Getúlio disse ao país que se tratava de uma rebelião separatista. Não era bem assim. É bem provável que essa ala secessionista fosse modesta. A voz de Monteiro Lobato provavelmente não representava a maioria.
Ao mesmo tempo, o tal constitucionalismo – demanda real – virou etiqueta virtuosa para o ressentimento e para uma ambição muito mais ampla, complexa e maliciosa.
A elite bandeirante sentia-se muito confortável com a estrutura de poder político e econômico estabelecida na República Velha. Esse privilégio foi sensivelmente reduzido a partir de 1930, com o intervencionismo do novo governo. Gente graúda perdeu cargo, influência e grana.
Os barões do café ficaram fulos da vida. Esse macro mercado era gerido por eles. De repente, Getúlio e seu gabinete é que estavam definindo as regras do jogo. O que era assunto dos paulistas virou uma questão dos brasileiros.
Evidentemente, a propaganda dos insurretos precisou identificar inimigos e detratá-los com estardalhaço. Os gaúchos eram tidos como empenhados na apropriação indébita (justamente por causa da revolução ocorrida dois anos antes). Os nordestinos, nomeados como “cabeças chatas”, eram retratados como pérfidos e inferiores pela mídia local.
Foi um negócio somente das elites? Não, foi também da classe média conservadora. E, com propaganda massiva da imprensa, mobilizou gente de todos os estratos sociais. Havia algo próximo de uma unanimidade? Parecia que sim, mas socialistas e anarquistas, por exemplo, nunca caíram nesse conto do vigário. E alguns até apoiaram as forças federais.

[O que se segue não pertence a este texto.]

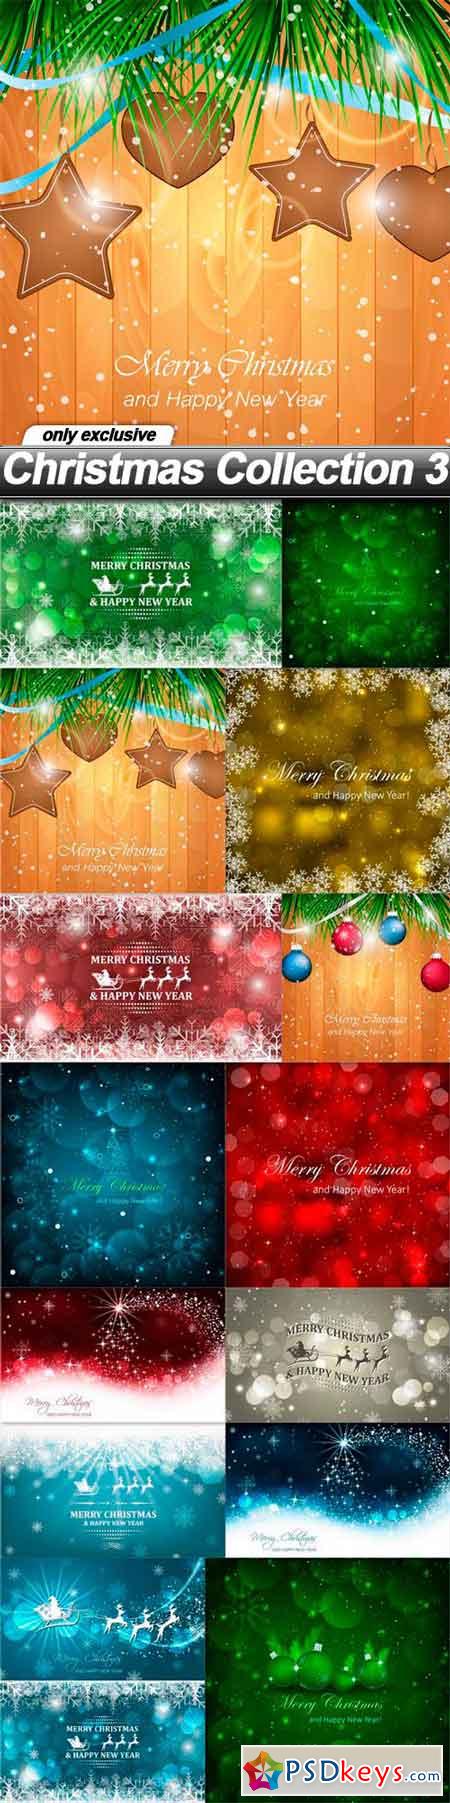 Christmas Collection 3 - 15 EPS
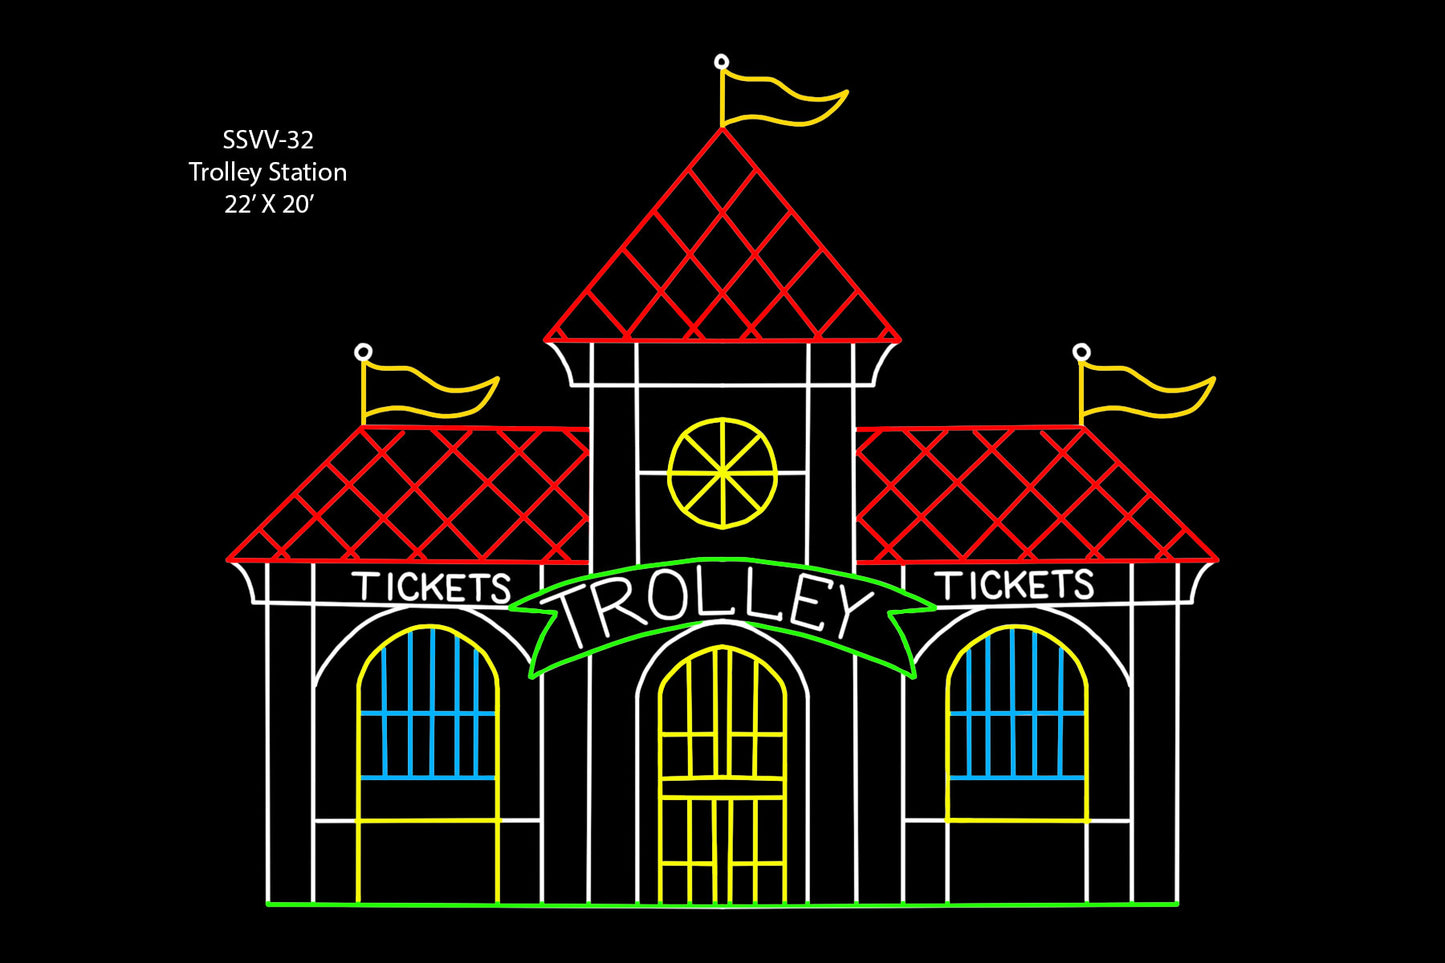 Trolley Station

Coitadinhos de Martins, Miragaia, Dráusio e Camargo? Não foi bem assim. Há farto material jornalístico da época atestando que essa galera havia resolvido atacar a sede da Legião Revolucionária, entidade ligada aos rivais. Enquanto promoviam o vandalismo invasor, sofreram o contra-ataque e foram alvejados pelos adeptos de Getúlio. Ruim, triste, mas não foi coisa de meninos inocentes.

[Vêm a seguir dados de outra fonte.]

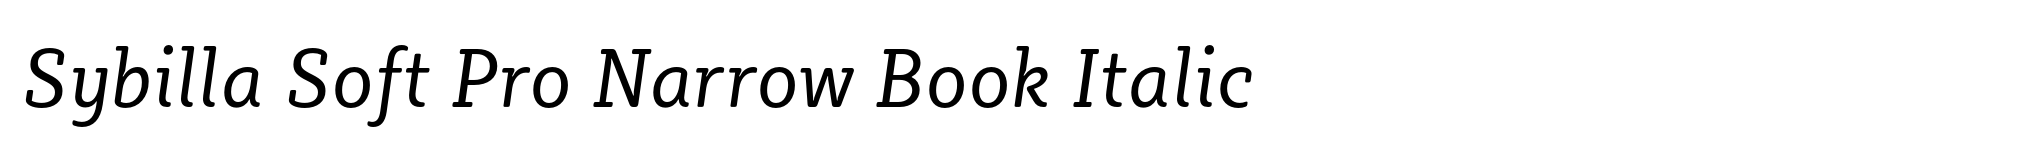 Sybilla Soft Pro Narrow Book Italic image

São Paulo perdeu. Mas constituiu uma segunda propaganda, esta de mitificação do levante e de seus propósitos. Nomes de ruas, mausoléu, obelisco, livros, palestras e desfiles anuais. A gente bandeirante precisava dourar a pílula da derrota. Difundiu-se a tese de triunfo tardio.
Getúlio constitucionalizou o país depois. Mas não como resultado direto do levante de 32. Por conveniência, nos anos seguintes, muitos constitucionalistas viraram varguistas. A elite paulista, no entanto, manteve seu programa de doutrinação das novas gerações. Na mensagem, forte tempero de bairrismo, disfarçado supremacismo e sutil recusa das reformas de cunho popular.
O 9 de julho da classe trabalhadora é outro
Nesse mesmo dia e mês, mas em 1917, as forças policiais dos quatrocentões assassinaram um de nossos companheiros queridos, o sapateiro espanhol José Martinez.
O jovem anarquista, associado à Federação Operária de São Paulo (FOSP) e à Confederação Operária Brasileira (COB), sofreu a brutal agressão no Brás, diante da fábrica Mariângela. Amigo dos operários, solidário, esforçado, tinha apenas 21 anos de idade quando lhe tomaram a vida.
Seu martírio, porém, despertou a consciência da classe trabalhadora paulista e, depois, de muitos outros brasileiros. A greve de 1917 paralisou o comércio e a indústria e foi fundamental para melhorar as condições de trabalho nos nascentes centros urbanos.
No dia 11 de Julho, 100 mil pessoas atravessaram silenciosamente a cidade para conduzir o corpo de Martinez. Cortejo imenso, da rua Caetano Pinto até o cemitério do Araçá. No retorno, milhares se concentraram na Praça da Sé e outros tantos diante da residência da jovem libertário que tombara.
Rebelados, os operários do Cotonifício Crespi, na Mooca, entraram em greve, logo seguidos por colegas de outras unidades industriais. A cidade acordara, com barricadas nas ruas e ativa resistência contra as forças opressoras. Foram dias de luta encarniçada. Muitos outros e muitas outras caíram, como a menina Edoarda Bindo.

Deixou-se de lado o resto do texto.